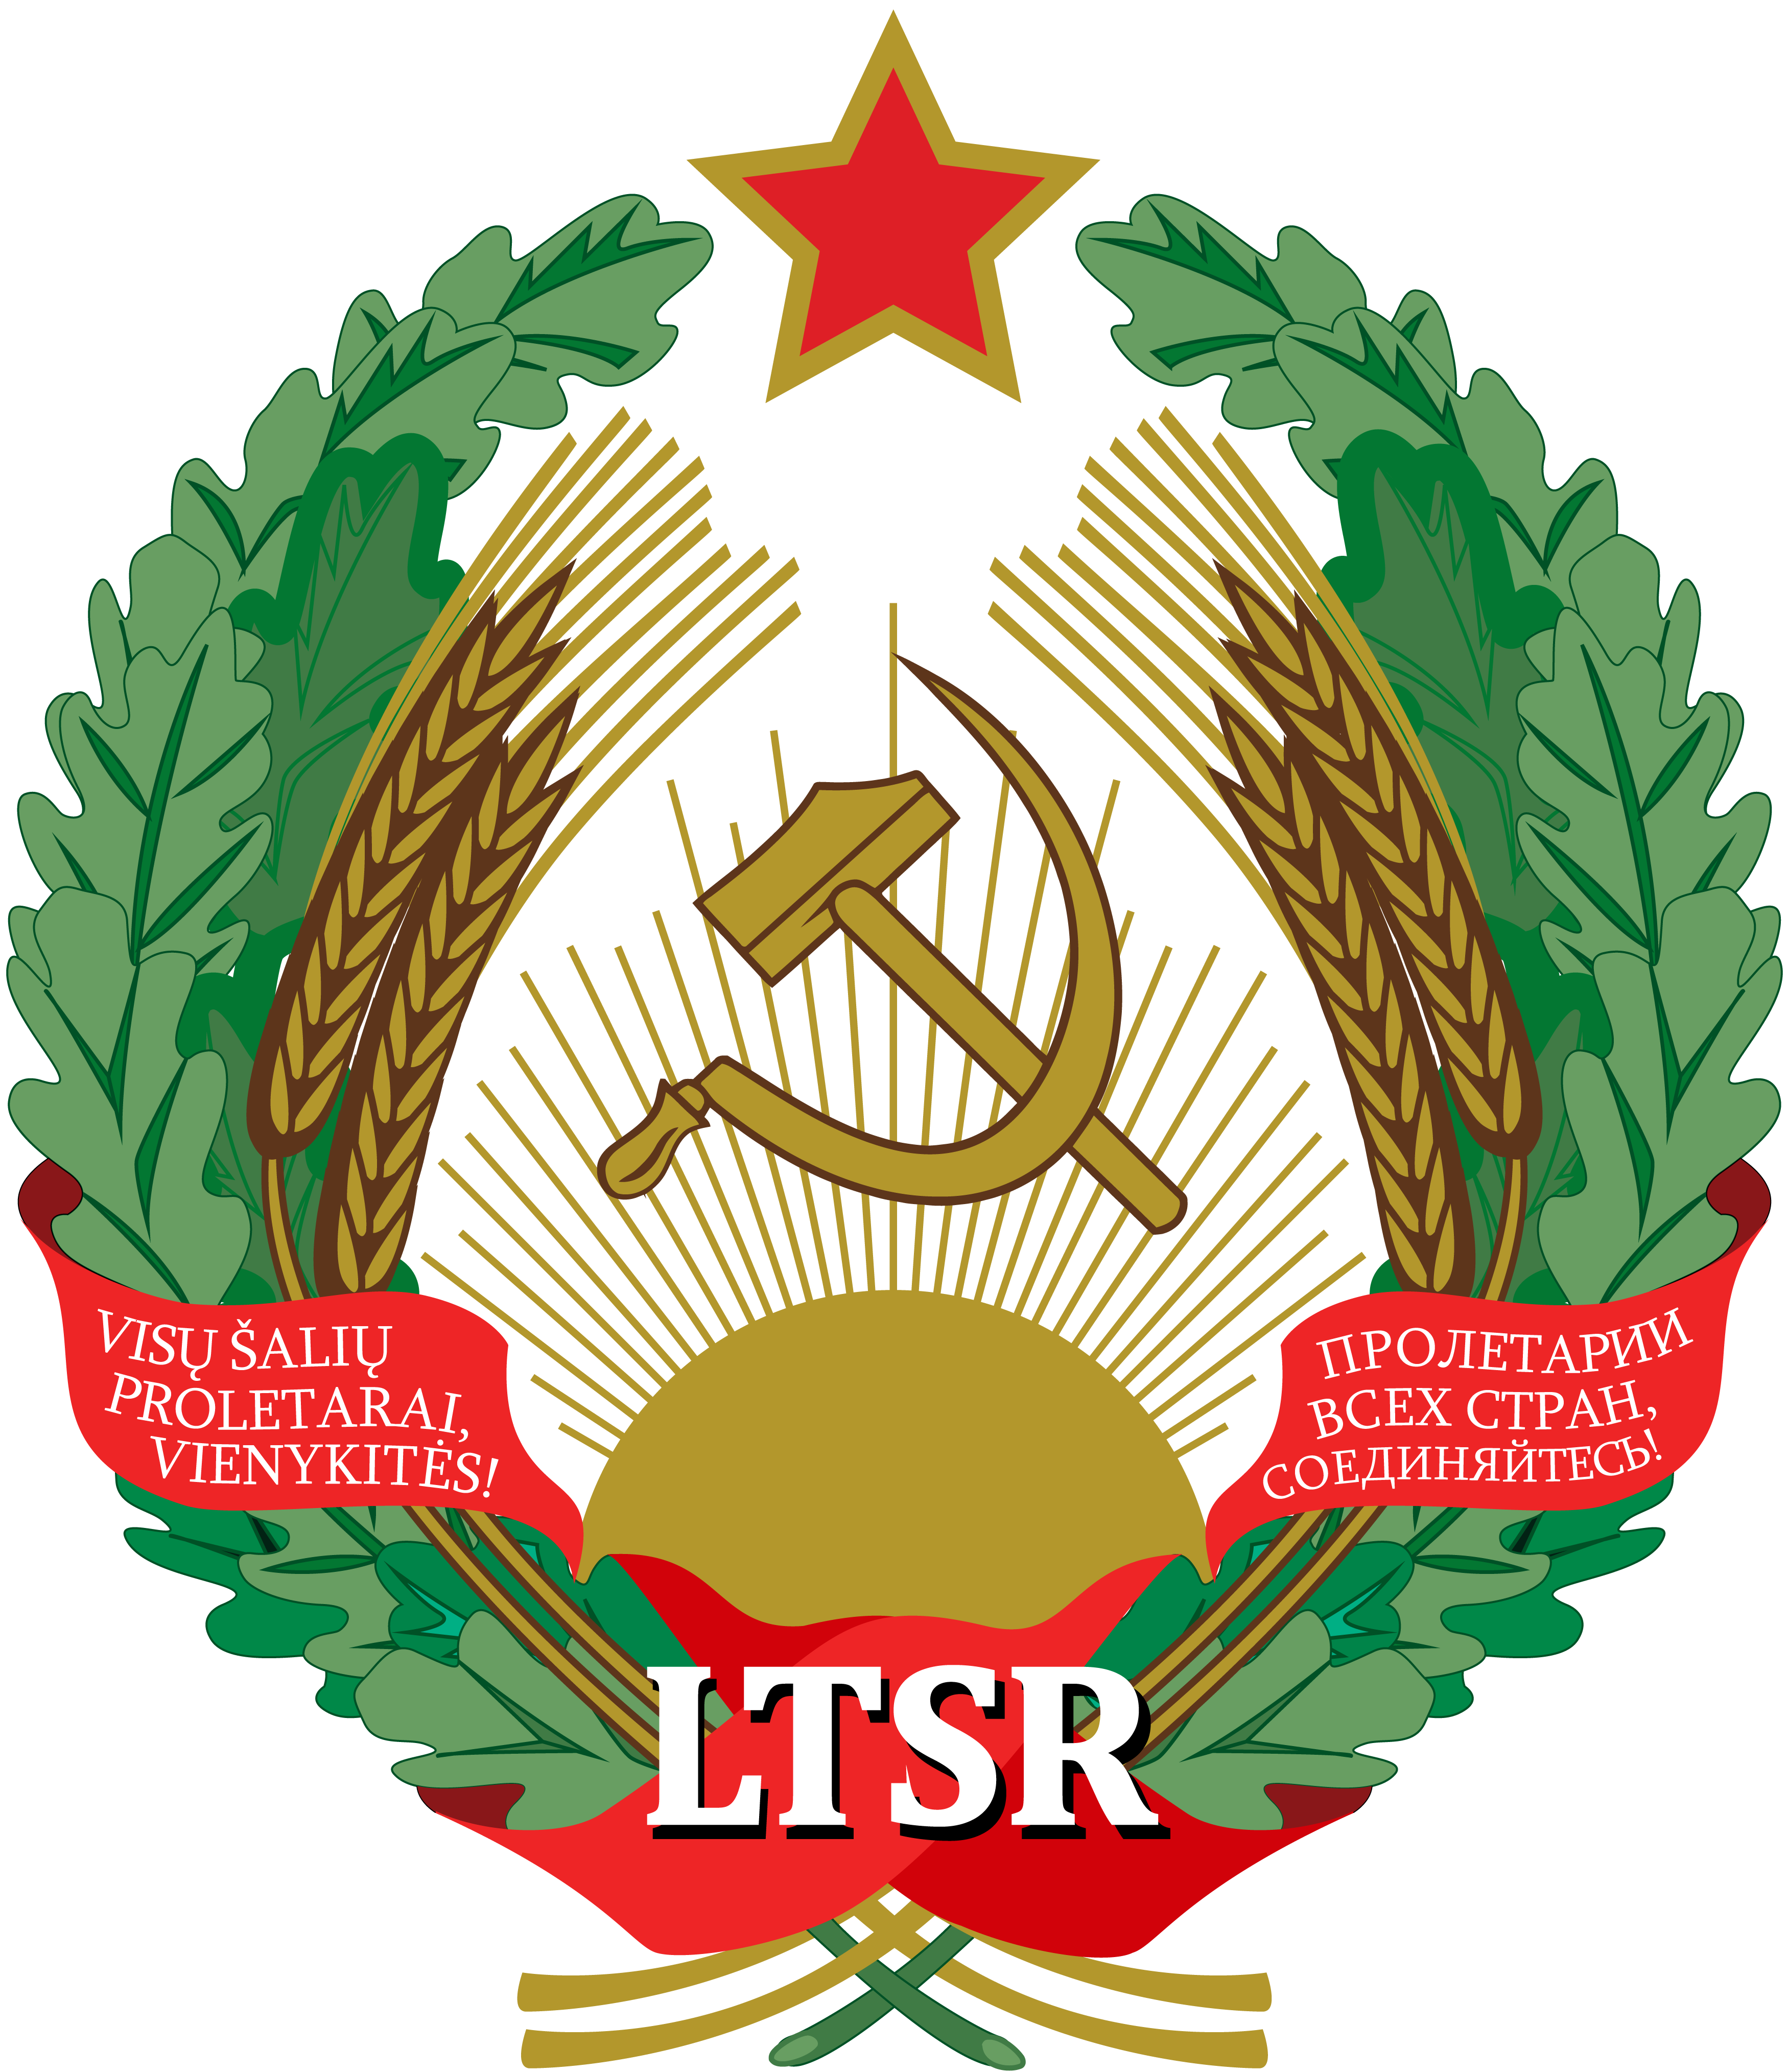 立陶宛蘇維埃社會主義共和國國徽
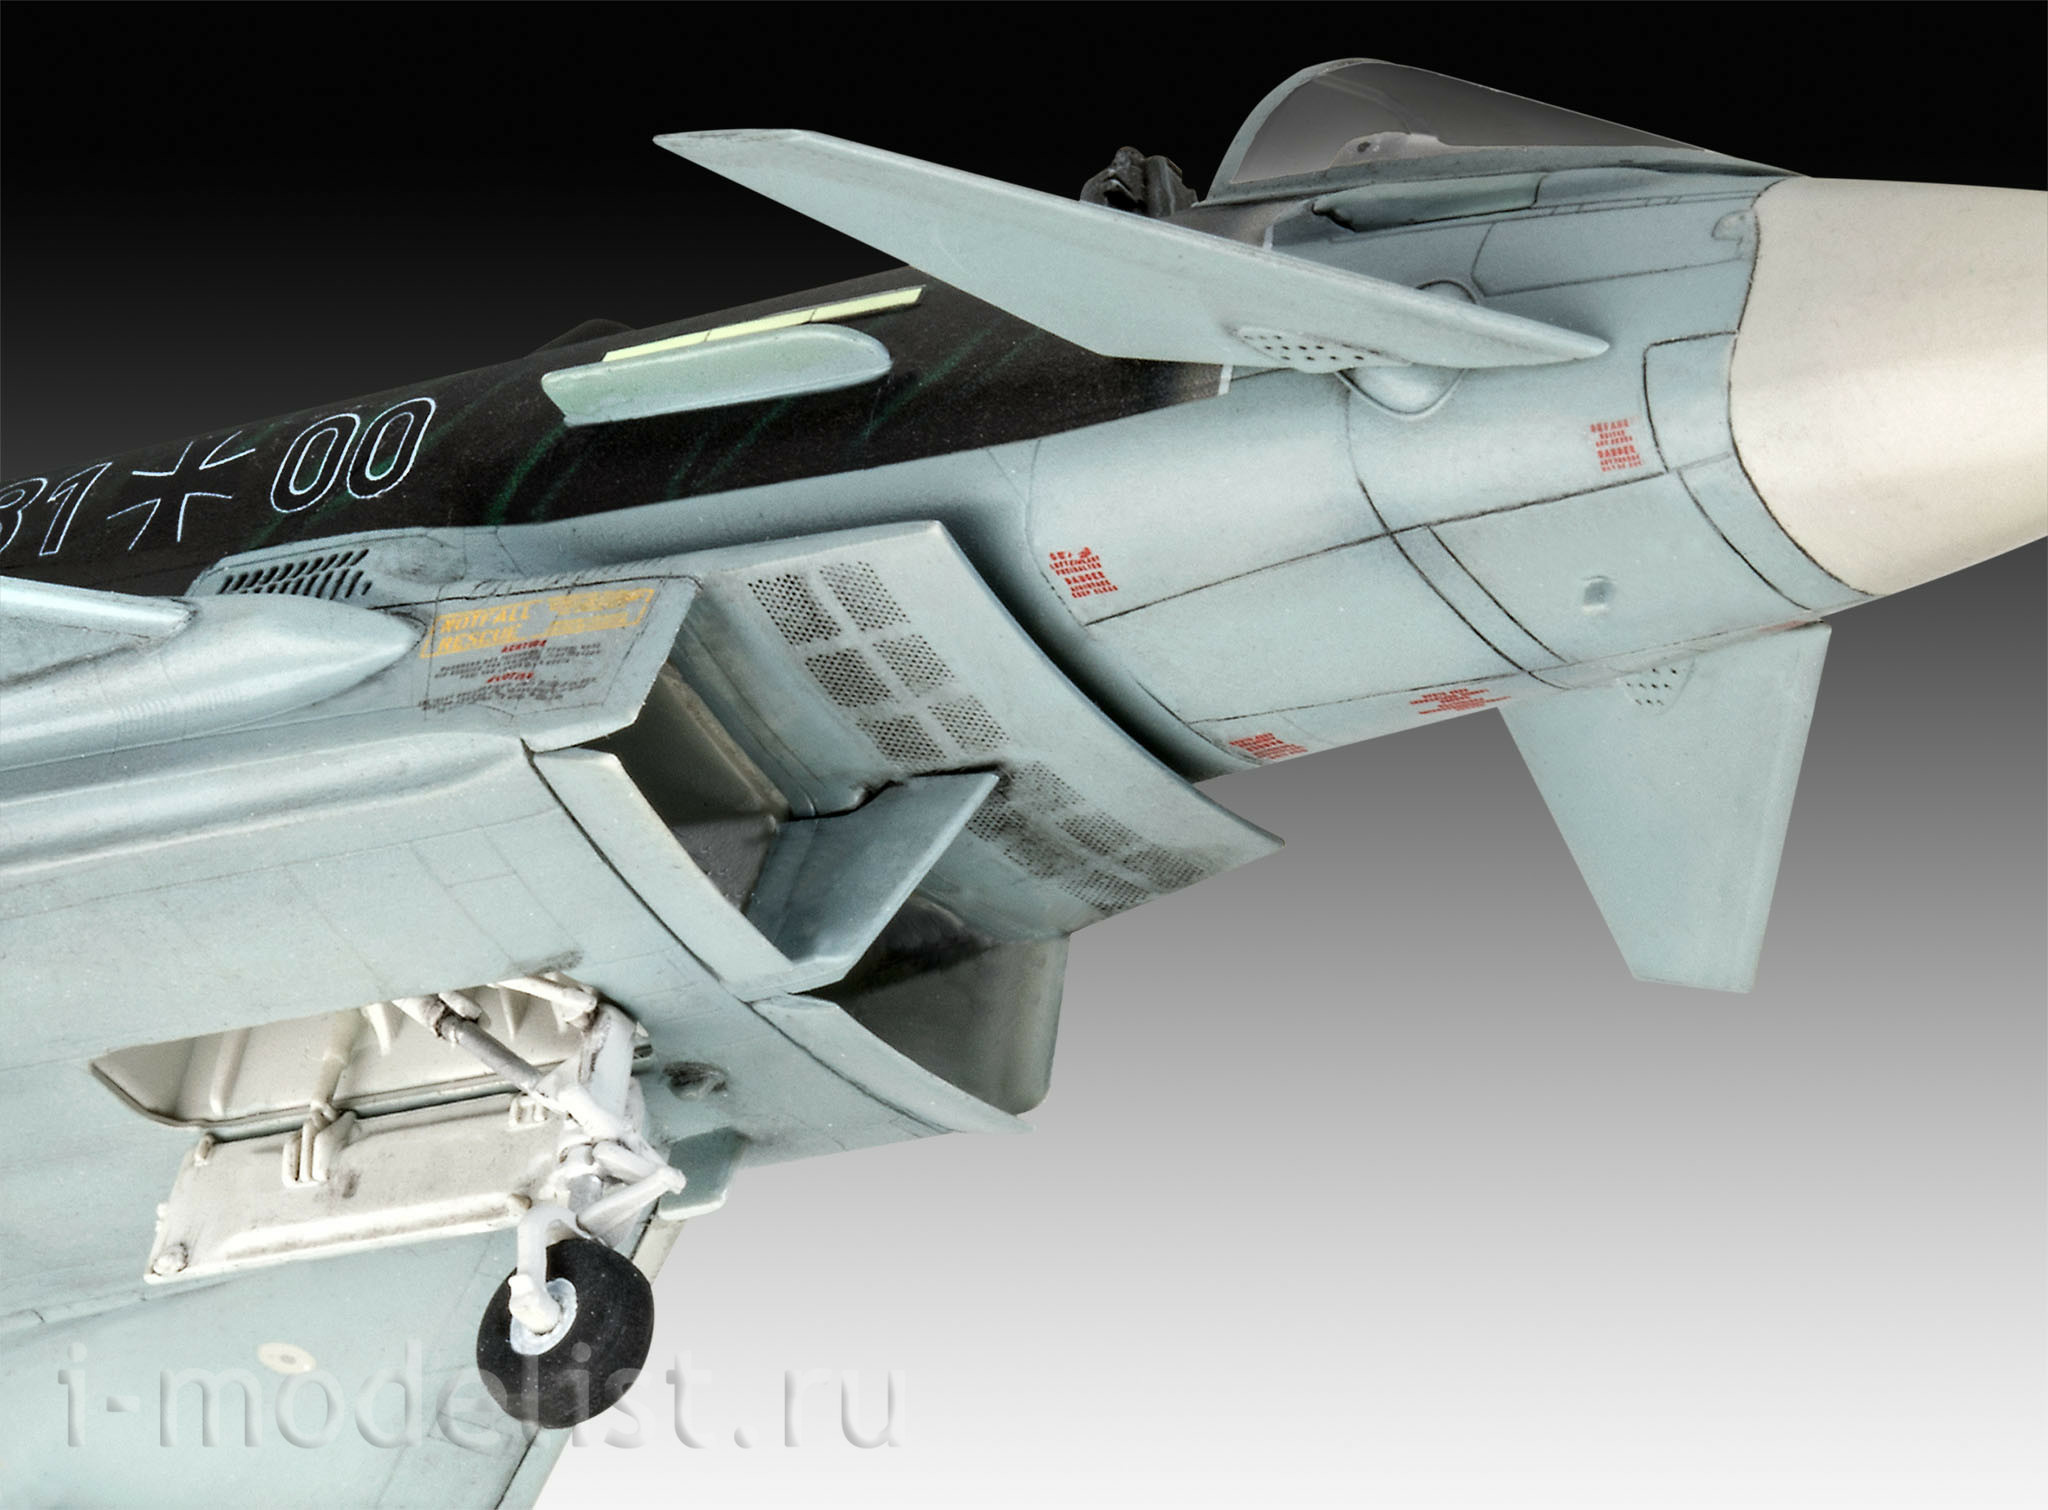 03884 Revell 1/72 Многоцелевой истребитель Eurofighter 
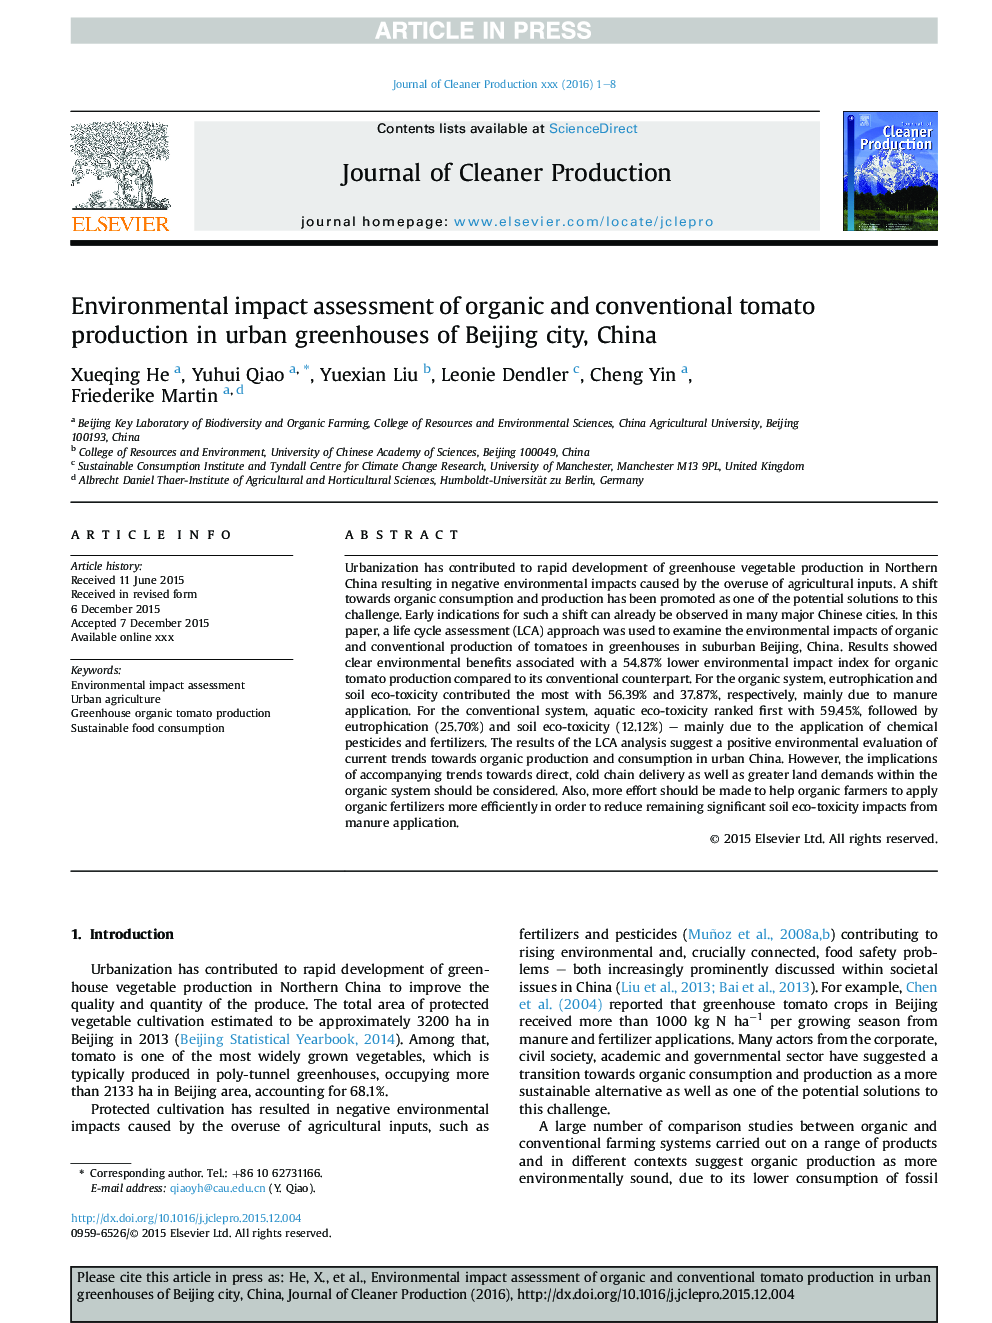 ارزیابی اثرات زیست محیطی تولید گوجه فرنگی آلی و معمولی در گلخانه های شهر پکن، چین

## Goal of the exercise
The listing above must be repeated exactly. Its pictures are not part of the copy.

## Your solution
 立陶宛蘇維埃社會主義共和國國徽
 03884 Revell 1/72 Многоцелевой истребитель Eurofighter 
 ارزیابی اثرات زیست محیطی تولید گوجه فرنگی آلی و معمولی در گلخانه های شهر پکن، چین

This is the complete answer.